El resultado es magnífico, una decoración creativa y rica que participa del «clasicismo contemporáneo», como apunta el interiorista. Maderas de wengé en los suelos, de cerezo o roble para algunos muebles y superficies lacadas dialogan con otras estudiadamente desgastadas y tapicerías de terciopelo, cuero... Todo conforma un escenario equilibrado que permite disfrutar de piezas artísticas que conservan su identidad aunque se hayan dispuesto en grupo. El secreto, nos explica Pedro, es que «todos los elementos tengan una relación cromática, pero que a la vez establezcan contrastes».

IDEAS DEL INTERIORISTA

Paredes con truco. Tanto en el salón como en el dormitorio principal, el decorador apostó por destacar algunos muros con espejos –al estilo de los años 30–, con paneles de madera lacada de wengé, que, además, aportan calidez y profundidad al espacio.

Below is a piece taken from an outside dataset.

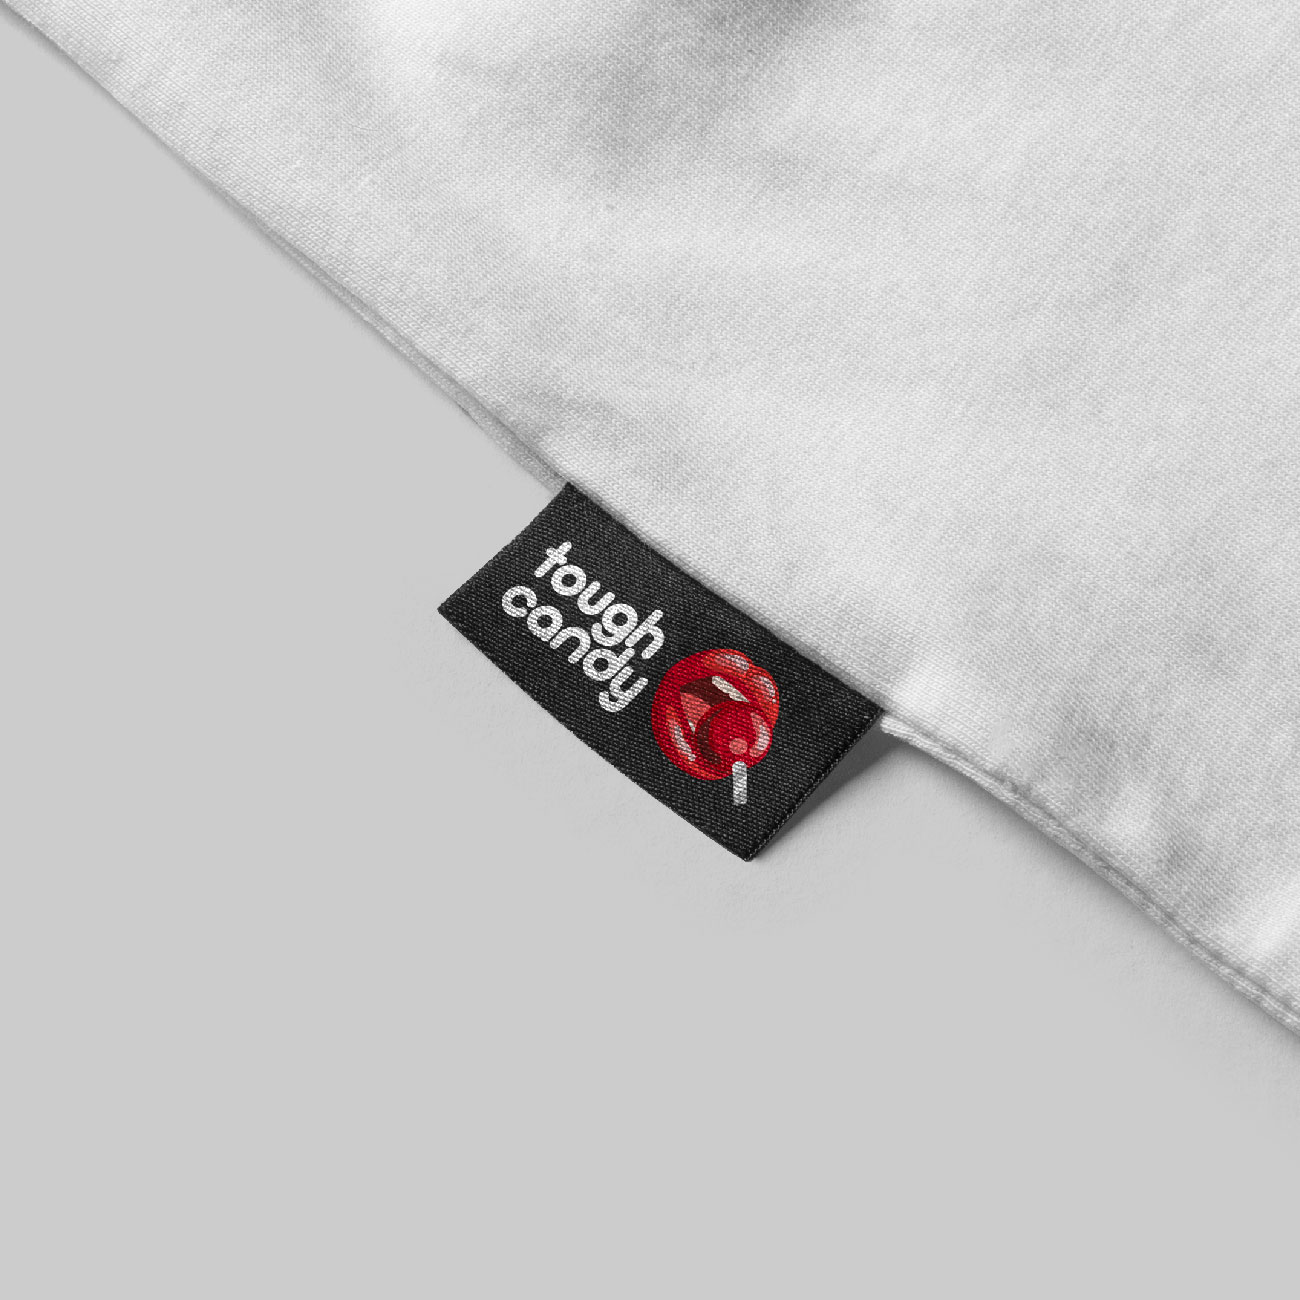 tough candy general condition studio design graphic branding logo visual identity website design berlin paris newyork london madrid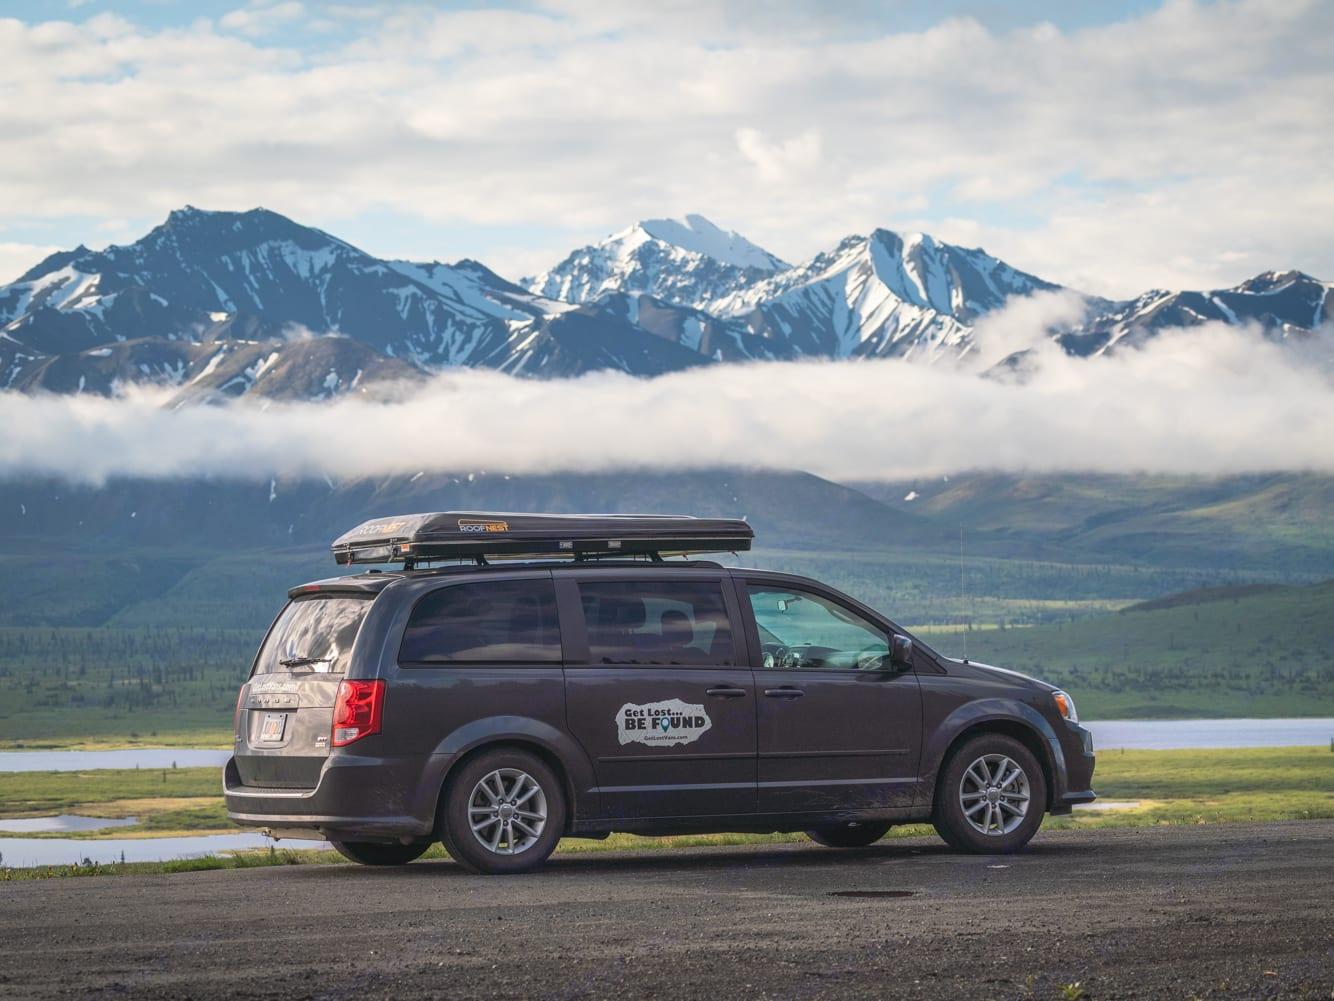 Get Lost Travel Van Ready to Drive. Dodge Grand Caravan 2016

Baño ingenioso. El tabique donde se apoya el mueble bajolavabo volado divide la estancia en dos: a un lado queda el área de la bañera XXL y los sanitarios; al otro, la zona de tocador con dos lavamanos y ducha doble. Así, compartir el baño resulta cómodo y práctico.

Agrupar las colecciones. Por toda la casa se aprecian composiciones creadas a partir de recuerdos y piezas antiguas (africanas, chinas, europeas...) realzadas con otros elementos de corte ultramoderno. Una fórmula que eleva el interés y aporta carisma a la atmósfera.